Relational Model
Relational Model
Relation
$r \subseteq D_1 \times D_2 \times \cdots \times D_n$
Given sets $D_1, D_2, \cdots, D_n$, relation $r$ is a subset of $D_1 \times D_2 \times \cdots \times D_n$
Relation Schema
Given attributes $A_1, A_2, \cdots, A_n$, $R = (A_1, A_2, \cdots, A_n)$ is a relation schema. (Structure of relation)
$r(R)$ is a relation (variable) on the schema $R$.
Relation Instance
The current values of a relation are called relation instance. A relation is specified by a table. An element $t$ of relation $r$ is a tuple, represented by a row.
Domain
A set of allowed values for each attribute is called domain. Denoted by $D_1, D_2, \cdots$ for each attribute $A_1, A_2, \cdots$.
Atomic
Attribute values are usually required to be atomic (indivisible).
Null
Null represents unknown or missing, which is a member of every domain.
Unordered
Relations are unordered sets.
Relational Database
A database consistes of multiple relations.
Keys
Key $K \subseteq R$
Superkey
$S = {K \subseteq R \vert K \rightarrow R}$
Sufficient to identify a unique tuple of possible relation instance $r(R)$.
Candidate Key
$C = {K \subseteq R \vert \forall \alpha \subset K, \alpha \notin S}$
Superkey which is minimal.
Primary Key
The most representative candidate key is selected to be primary key.
Foreign Key
Value in one relation must appear in another. (Referencing/Referenced)
Relational Algebra
- Selection: $\sigma_{\rho}(r) = {t \in r \vert \rho(t) }$
- Selection of tuples
- Selection predicate $\rho$
- Projection: $\Pi_{A_1, A_2, \cdots, A_k}(r)$
- Selection of columns.
- Duplicated rows removed from result.
- Union: $r \cup s = {t \vert t \in r \lor t \in s}$
- Compatibility: same arity (# of attributes) & compatible domain
- Set Difference: $r - s = {t \vert t \in r \land t \notin s}$
- Must be compatible.
- Cartesian Product: $r \times s = {tq \vert t \in r \land q \in s}$
- If $R \cap S \ne \phi$, renaming attribute is required.

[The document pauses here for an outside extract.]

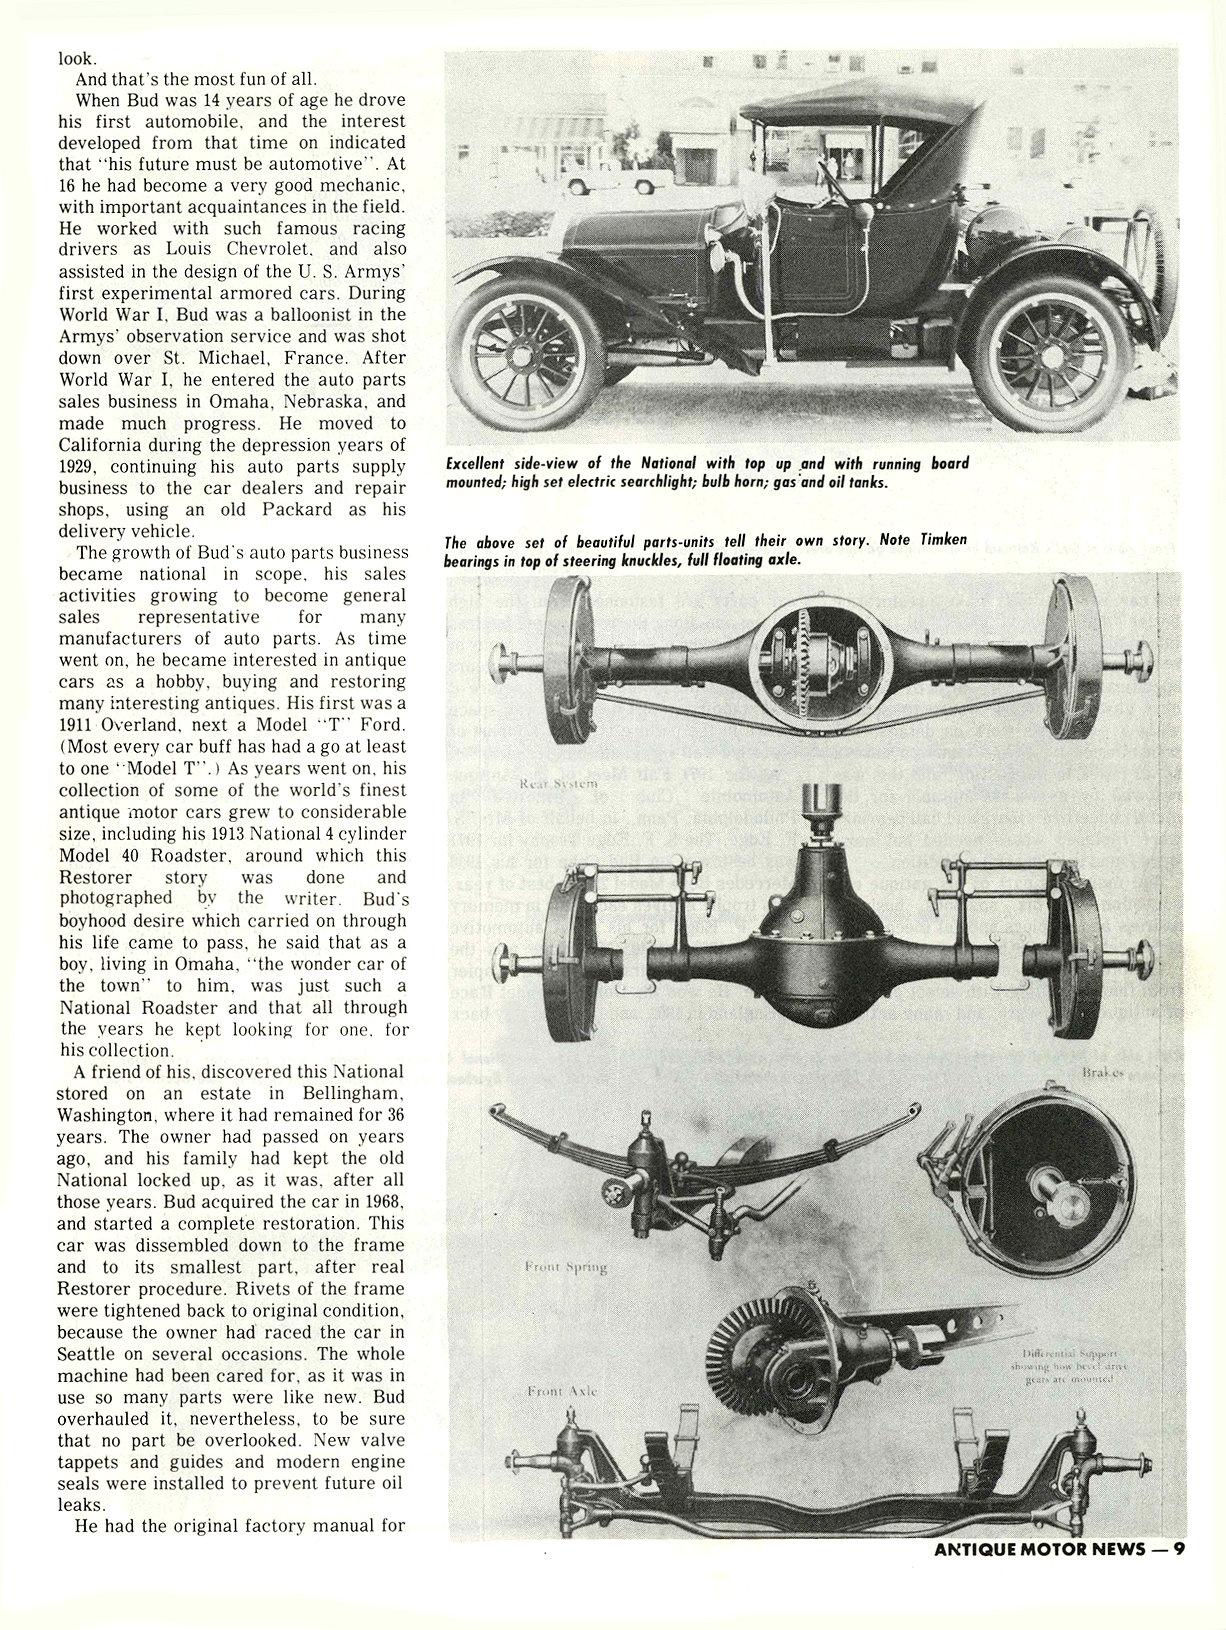 "1913 NATIONAL M. L. ""Bud"" Cohn, owner THE RESTORER Researched by Clifford Sklarek ANTIQUE MOTOR NEWS & Atlantic Auto Advertiser November 1972 8.25″x10.25 page 9"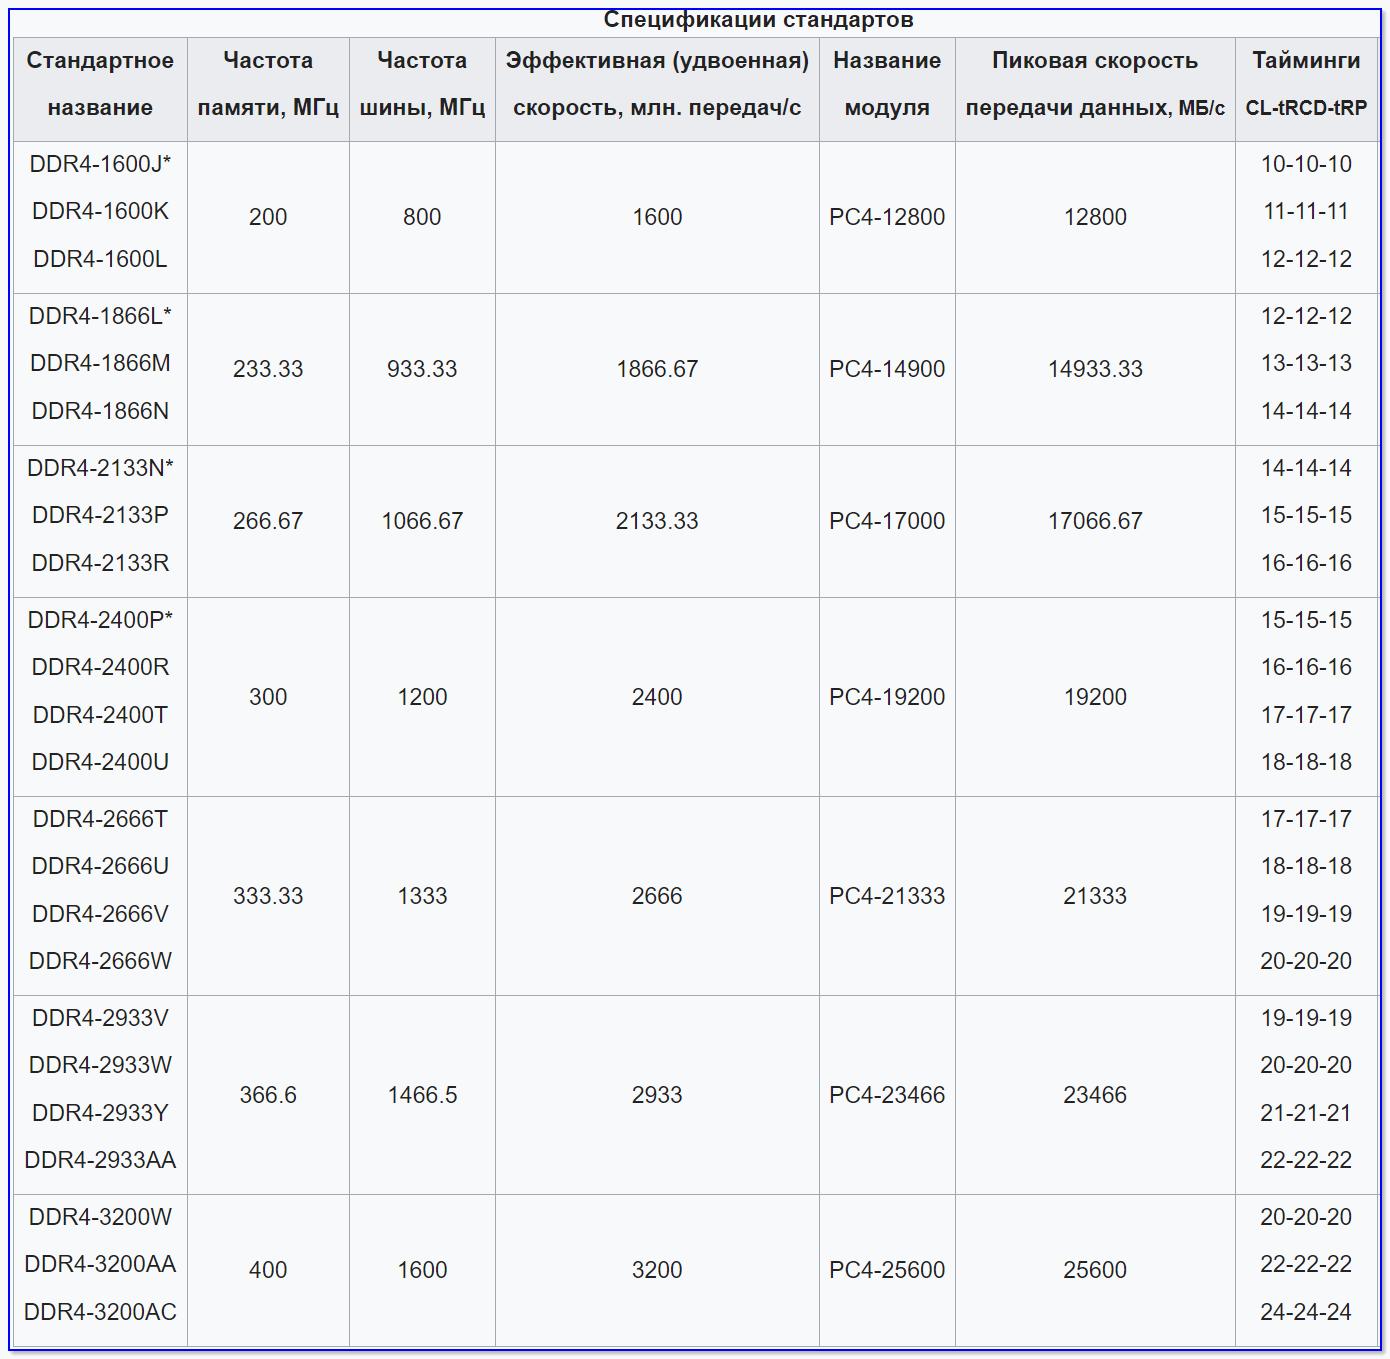 DDR4 - спецификация стандартов

- Rename: $\rho_{N}(E)$ returns the expression $E$ under name $N$.
- $\rho_{N (A_1, \cdots, A_k)}(E)$ also renames the attributes.
- Intersection: $r \cap s = {t \vert t \in r \land t \in s}$
- Must be compatible.
- $r \cap s = r - (r - s)$
- Natural Join: $(r \Join s)(R \cup S)$, where $r(R)$ and $s(S)$
- $t[R] = t_r$, $t[S] = t_s$
- $r \Join s = \Pi_{R \cup S}(\sigma_{r.(R \cap S) = s.(R \cap S)}(r \times s))$
- commutative & associative => trivial (reflexivity)
- $R \cap S = \phi \Rightarrow r \Join s = r \times s$
Pf. Suppose $R \cap S = \phi$.
By definition of join, $r \Join s = \Pi_{R \cup S}(\sigma_{r.(R \cap S) = s.(R \cap S)}(r \times s)) = r \times s$ - $R = S \Rightarrow r \Join s = r \cap s$
Pf. Suppose $R = S$.
By definition of join, $r \Join s = \Pi_{R \cup S}(\sigma_{r.(R \cap S) = s.(R \cap S)}(r \times s)) = \Pi_R(\theta_{r.R = s.R}(r \times s)) = r \cap s$ - Theta Join: $r \Join_\theta s = \sigma_\theta(r \times s)$
- Assignment: $temp \leftarrow some_query$
- assign temporary variable to complex expression
- write expression as a sequence consisting assignments
Discussion
Candidate Key
Q. Why do you think “key”, without any qualifier, is meant to be candidate key instead of super key?
A. Non-candidate superkey is inefficient since the record is still identifiable with its subset, which is smaller.
Foreign Key Constraint
Q. Give examples of inserts and deletes, which can cause a violation of the foreign key constraint.
- Insert: Cannot insert non-existing foreign key value
- Delete: Cannot delete referenced column unless handled
Name as SuperKey
Q. In general, can we use name
attribute as a superkey?
A. Usually name is not unique. Possible duplication in the future.
Operator Precedence
Precedence | Operators | Associativity |
---|---|---|
0 | parenthesis | |
1 | unary: $\rho$, $\sigma$, $\Pi$ | |
2 | multiplication without compatibility: $\times$, $\Join$ | left to right |
3 | multiplication under compatibiltiy: $\cap$ | left to right |
4 | addition under compatiblity: $-$, $\cup$ | left to right |